На сцене — писательница Сибилла Левичарофф из Штутгарта (не из наших, папа — болгарин; я с ней лет шесть назад выступал в Базеле и спрашивал; — женщина, острота ума которой — по меньшей мере! — равняется остроте ее носа), критик Петер Хамм (где-то он у меня, кажется, неназванный промелькивал на фотографиях с Бурдинской премии; милый светский человек, баварский радиочиновник на пенсии и друг знаменитых друзей; — нет, Вальзера — этого — он не знал, знал зато трех санитаров из клиники, где тот десятилетиями содержался) и чудный франкфуртский прозаик Вильгельм Генацино, чьи книжки есть в русском переводе (уж не знаю, какой доброты перевод, но все равно приятно).
Слегка поговорили (как ни странно, вполне даже умно; Петер Хамм делал когда-то фильм о Роберте Вальзере, так что в материале, Сибилла Левичарофф хорошо подготовилась, а Генацино вообще точно чувствующий и выражающий себя человек), потом каждый прочел с выражением толику вальзеровских текстов и мероприятие закончилось.
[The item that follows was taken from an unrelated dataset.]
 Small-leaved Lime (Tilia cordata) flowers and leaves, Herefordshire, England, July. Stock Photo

Мы собрались было подняться на второй этаж, где выставка, но выставка, хоть и открылась, но была закрыта — в буквальном смысле «караул устал»: сказали, что не удалось найти сидельцев на вечернее время. Такой оборот вещей мне в голову не приходил, хотя — каюсь — известная наклонность (пред)видеть абсурд у меня имеется.
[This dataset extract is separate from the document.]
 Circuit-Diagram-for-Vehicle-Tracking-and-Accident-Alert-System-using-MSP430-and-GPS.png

Придется зайти еще раз — почему-то очень хочется взглянуть на т. н. «микрограммы», крошечные бумажки, на которых Вальзер микроскопическим в буквальном смысле слова почерком писал в душевнобольной клинике. Их сравнительно недавно удалось расшифровать под большим увеличением.
Рассказывать, какой Р. Вальзер замечательный писатель, не буду. Это таки да, но читал я только один роман и несколько мелких текстов.